Using layoff alternatives requires the support and involvement of senior managers and the board of directors, "which is sometimes difficult to get," says Pau. In addition to gaining that support, she stresses the importance of determining which options make the most sense for your company. "You want to pick one or two and stick with them, because it'll put the company into a tailspin otherwise. If you come in every few weeks with another option, that's going to hurt morale."
If possible, says Pau, it's a good idea to garner feedback from employees on the available alternatives before making a final choice.
Offering voluntary separation and/or early retirement was one of the most consistently successful layoff alternatives used by companies with whom she's worked, says Pau. Raim agrees this strategy can work well. Employees who volunteer to leave generally won't initiate legal action against their former employer, and remaining employees feel better about their positions since a choice was offered.

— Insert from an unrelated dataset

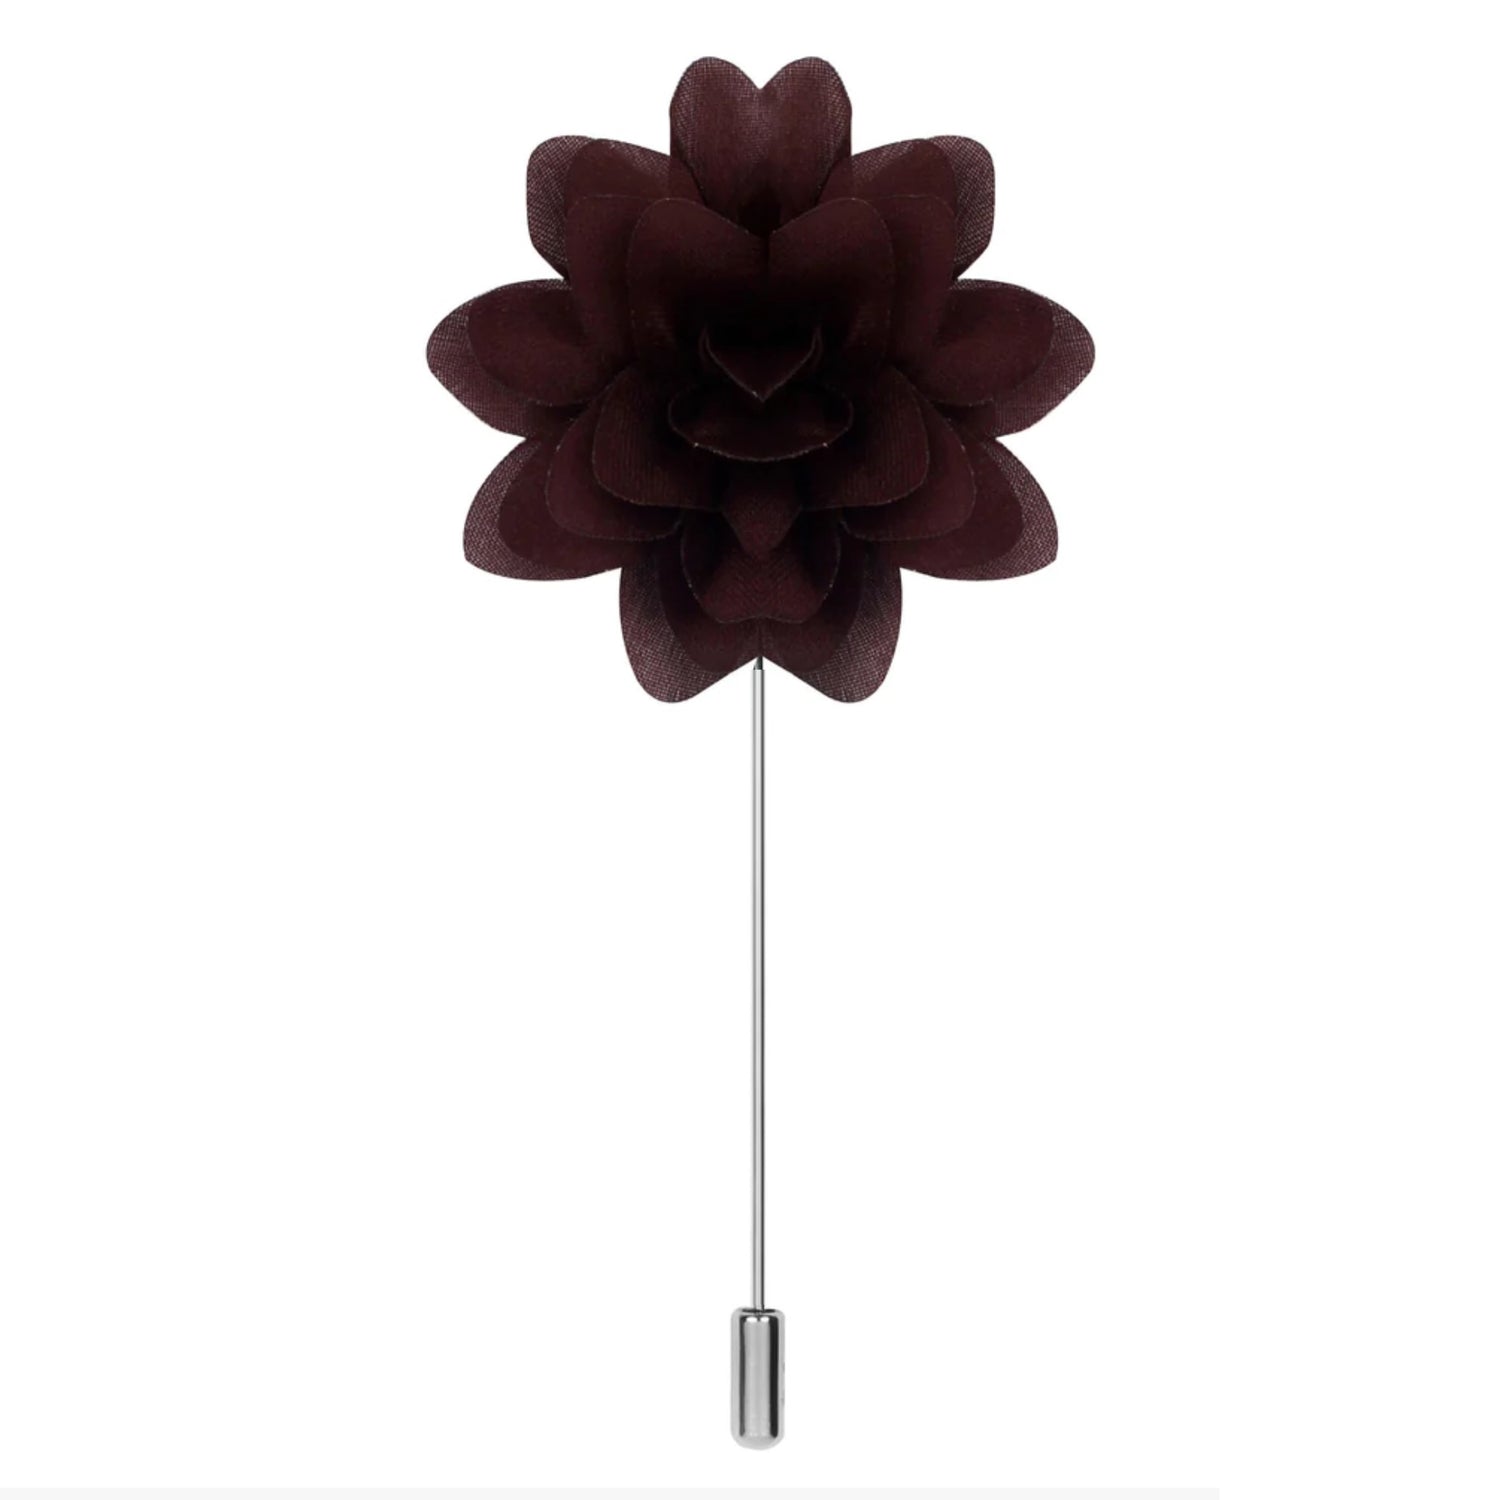 Main: A Brown Color Star Flower Shaped Lapel Pin||Brown

The primary caveat to this approach, says Raim: "Unless the actions are designed and administered well, you risk losing people you wanted to keep."
Somewhat less successful, says Raim, are across-the-board salary reductions, which can erode morale. "High performers feel the company is keeping lots of people who are underperformers at the expense of the good performers."
Other alternatives mentioned by Raim: working with those who have accepted jobs but not yet begun work to postpone start dates; freezing intern/summer/new college graduate hiring; and prohibiting managers to "back fill" for employees who quit. While the latter option is an easy and gradual way to begin shrinking headcount, she says, it may mean people end up in positions for which they aren't well suited. "This leads to managers asking for exceptions to the prohibition which causes hard feelings and may make the exceptions swallow up the rule."
Though alternatives such as reduced hours or salary cuts may be preferable to layoffs, Raim says companies should remember that they may still impose hardships on employees. "It's about minimizing the pain, not eliminating it. At the end of the day, you are still asking employees to take actions that aren't likely to benefit them."